MR data comprised diffusion tensor imaging (DTI - tractwise fractional anisotropy statistics (TFAS)) and T1-weighted (T1-w) data (texture analysis of the corpus callosum (CC)). One subject sample with 74 PSP patients and 63 controls was recorded at 3.0T at multiple sites. The other sample came from a single site, consisting of 66 PSP patients, 66 PD patients, and 44 controls, recorded at 1.5T. Four different machine learning algorithms (ML) and a deep learning (DL) neural network approach using Tensor Flow were implemented for the study. The training of the algorithms was performed on 80 % of the data, which included the entire single-site data and parts of the multiple-site data. The validation process was conducted on the remaining data, thereby consistently separating training and validation data.
A random forest algorithm and a DL neural network classified PSP and healthy controls with accuracies of 92 % and 95 %, respectively. Particularly, DTI derived measures for the pons, midbrain tegmentum, superior cerebral peduncle, putamen, and CC contributed to high accuracies. Furthermore, DL neural network classification of PSP and PD with 86 % accuracy showed the importance of 19 structures. The four most important features were DTI derived measures for prefrontal white matter, the fasciculus frontooccipitalis, the midbrain tegmentum, and the CC area II. This DL network achieved a sensitivity of 88 % and specificity of 85 %, resulting in a Youden-index of 0.72.
The primary goal of the present study was to compare multiple ML-methods and a DL approach to identify the least necessary set of brain structures to classify PSP vs. controls and PSP vs. PD by ranking them in a hierarchical order of importance. That way, this study demonstrated the potential of AI approaches to MRI as possible diagnostic and scientific tools to differentiate variants of neurodegenerative Parkinsonism.
定量磁共振成像(MRI)分析在鉴别神经退行性帕金森综合征方面显示出前景,并且近年来极大地推进了我们对诸如进行性核上性麻痹(PSP)等疾病的理解。
本研究的目的是开发、实施并比较基于人工智能(AI)的MRI分析算法,该算法通过分析脑结构和微观结构的变化,不仅能够将PSP与健康对照区分开来,还能将其与帕金森病(PD)区分开来。具体而言,本研究着重于识别感兴趣区域(ROI)和感兴趣束(TOI),这些对于算法提供区分疾病变体的临床相关性能指标至关重要。

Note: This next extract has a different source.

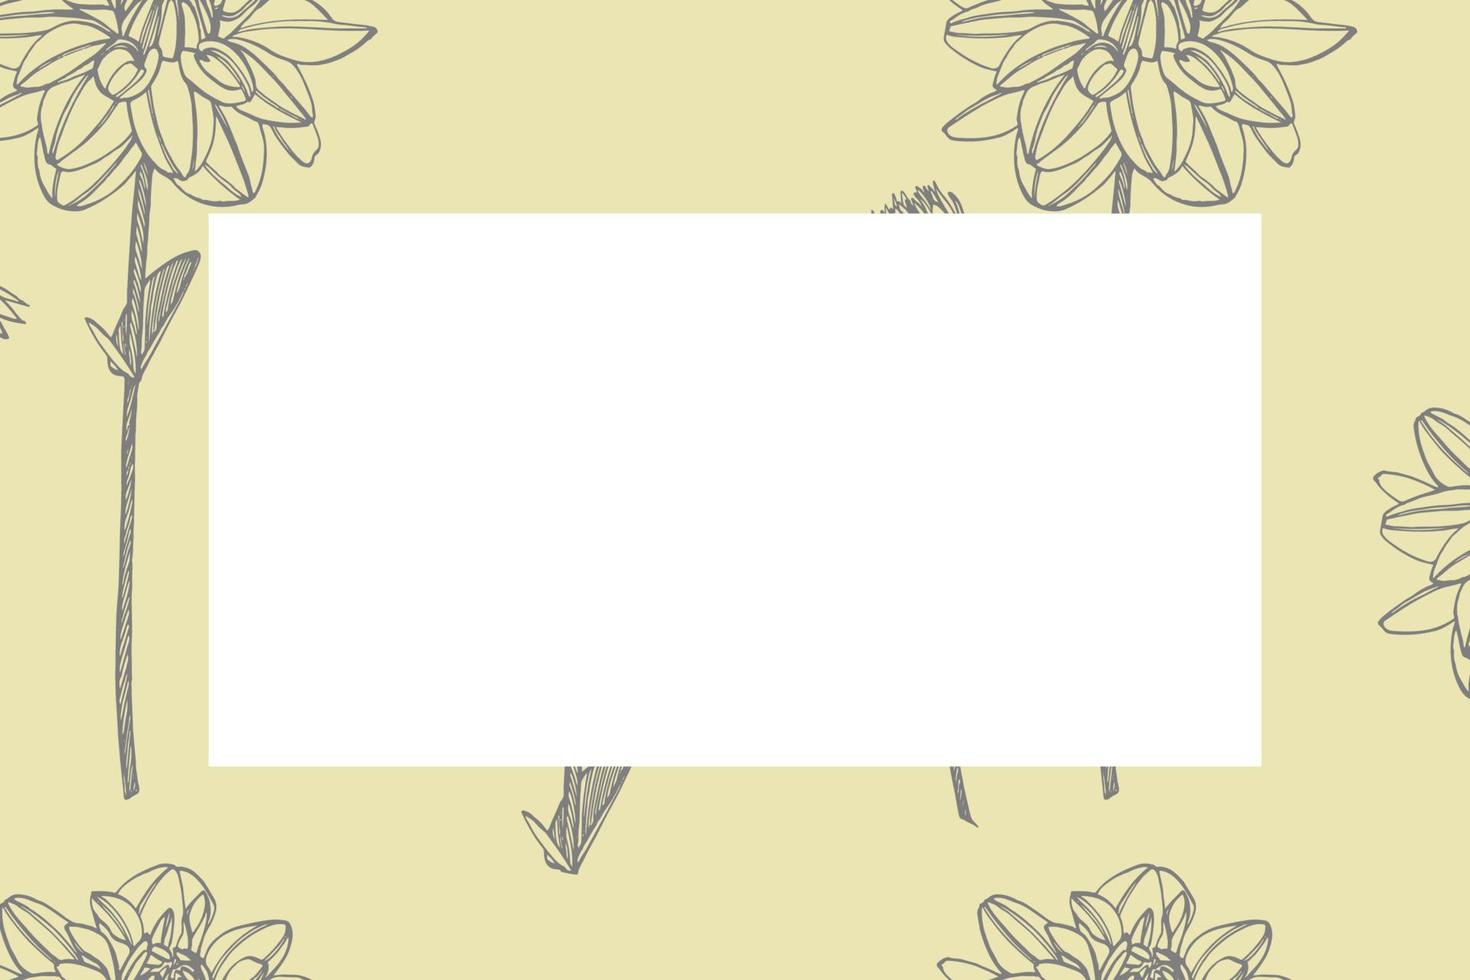 Hand-drawn ink dahlias. Floral elements. Graphic flowers illustrations. Botanical plant illustration. Vintage medicinal herbs sketch set of ink hand drawn medical herbs and plants sketch. vector

MR数据包括扩散张量成像(DTI - 逐束分数各向异性统计(TFAS))和T1加权(T1 - w)数据(胼胝体(CC)的纹理分析)。一个包含74例PSP患者和63例对照的受试者样本在多个站点以3.0T进行记录。另一个样本来自单个站点,由66例PSP患者、66例PD患者和44例对照组成,在1.5T进行记录。本研究实施了四种不同的机器学习算法(ML)和一种使用Tensor Flow的深度学习(DL)神经网络方法。算法的训练在80%的数据上进行,其中包括整个单站点数据和部分多站点数据。验证过程在其余数据上进行,从而始终将训练数据和验证数据分开。
随机森林算法和DL神经网络对PSP和健康对照的分类准确率分别为92%和95%。特别地,脑桥、中脑被盖、大脑脚、壳核和CC的DTI衍生测量值有助于实现高准确率。此外,DL神经网络对PSP和PD的分类准确率为86%,显示出19个结构的重要性。四个最重要的特征是前额叶白质、额枕束、中脑被盖和CC区域II的DTI衍生测量值。该DL网络的灵敏度为88%,特异性为85%,约登指数为0.72。
本研究的主要目标是比较多种ML方法和一种DL方法,通过按重要性的层次顺序对脑结构进行排序,以确定对PSP与对照以及PSP与PD进行分类所需的最少脑结构集。通过这种方式,本研究证明了AI方法用于MRI作为区分神经退行性帕金森综合征变体的可能诊断和科学工具的潜力。